*Work item*
Verbatim copy without images: return all of the data as it stands.

*Data*
BEGIN
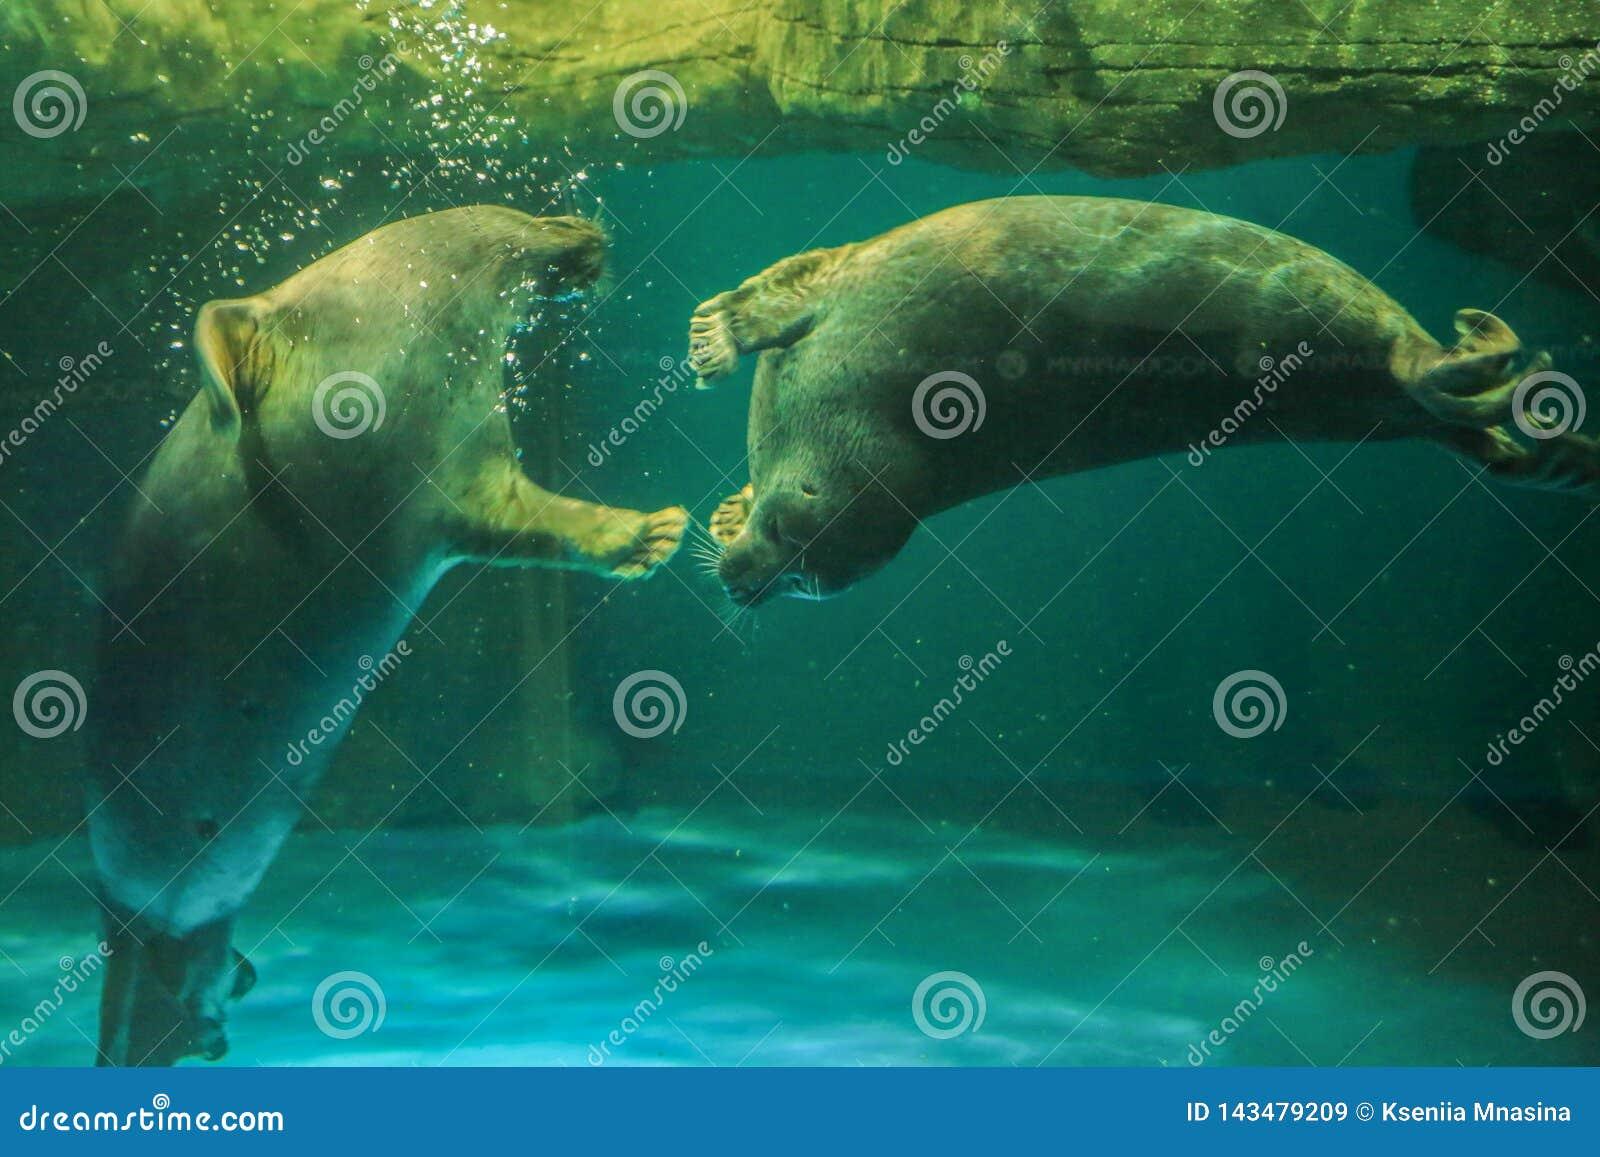 两贝加尔湖封印互相使用
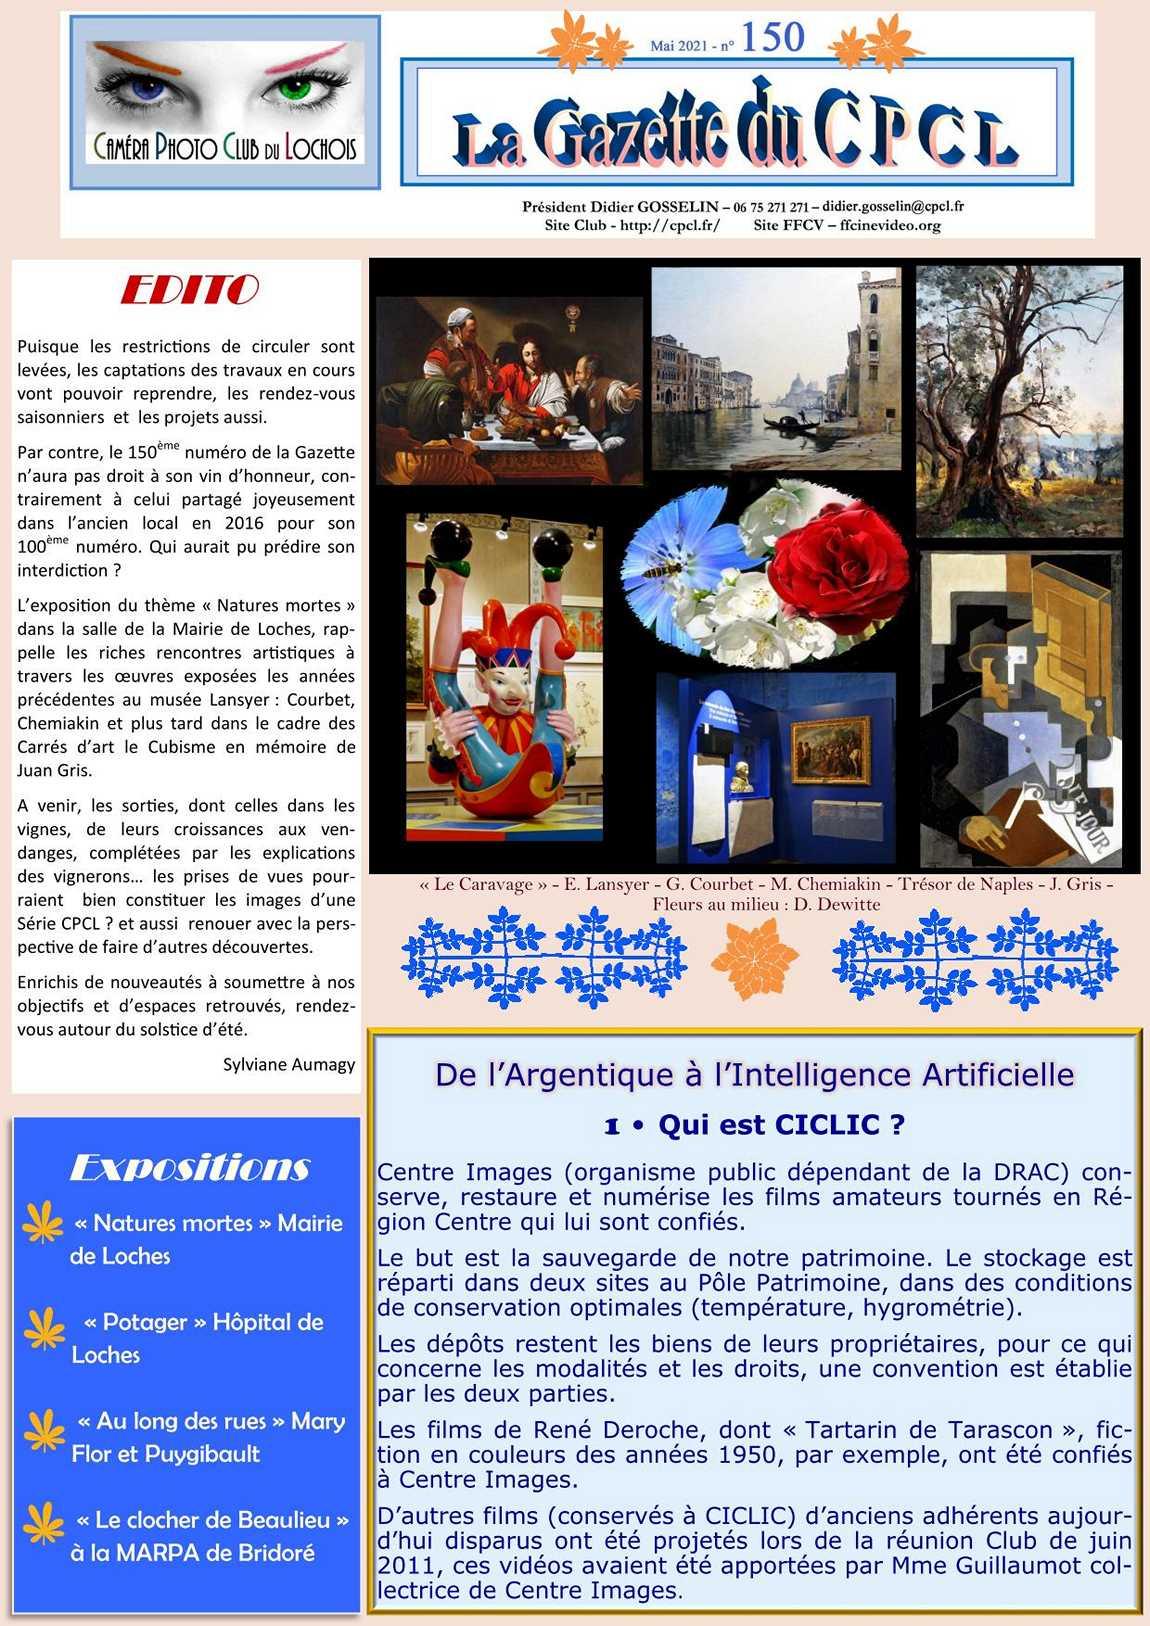 Gazette 150 - mai 2021
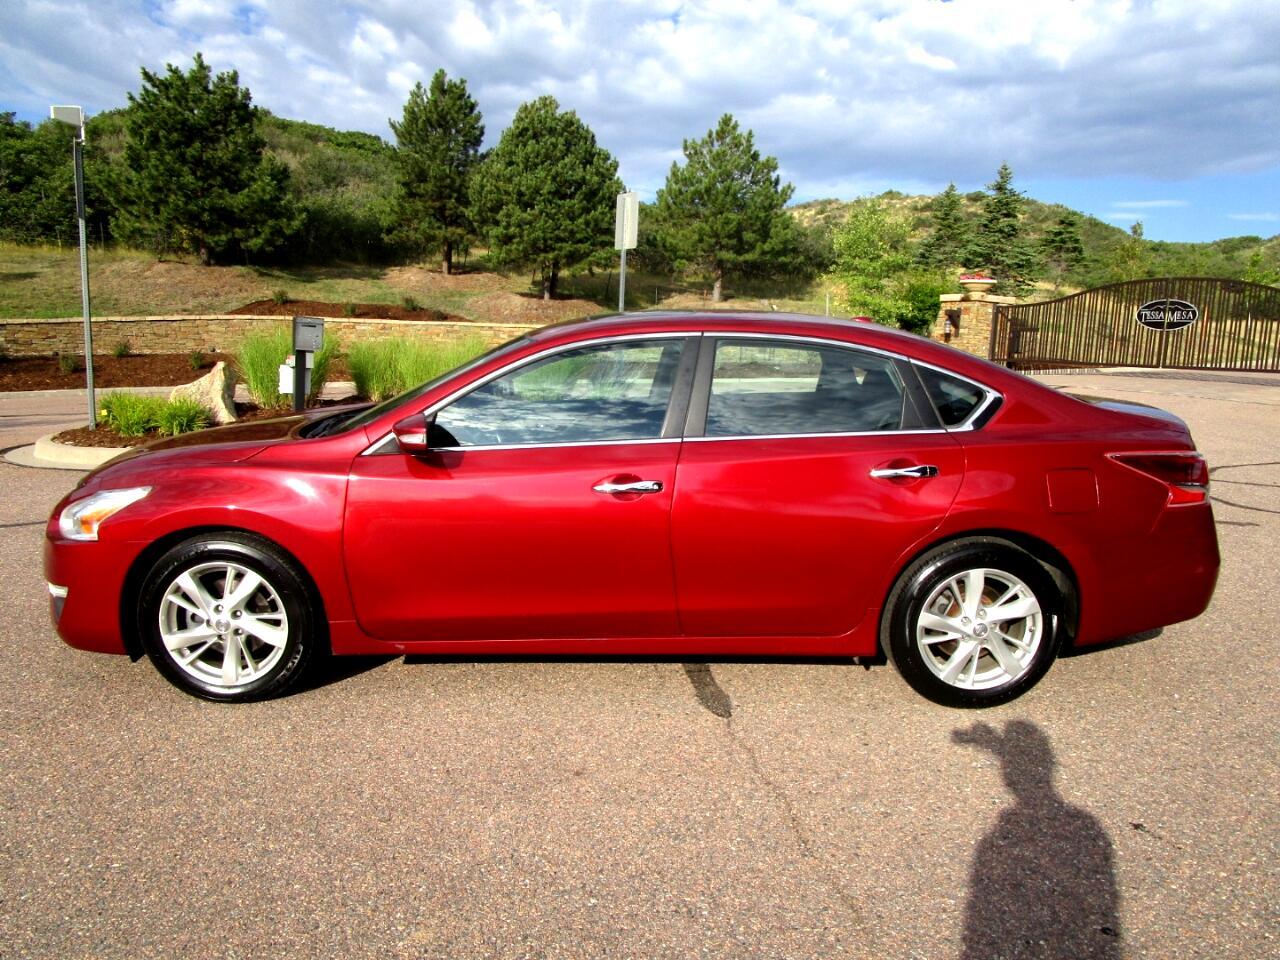 2013 Nissan Altima 4dr Sdn I4 2.5 SL *Ltd Avail*
END
*Solution for this problem*
 两贝加尔湖封印互相使用
 Gazette 150 - mai 2021
 2013 Nissan Altima 4dr Sdn I4 2.5 SL *Ltd Avail*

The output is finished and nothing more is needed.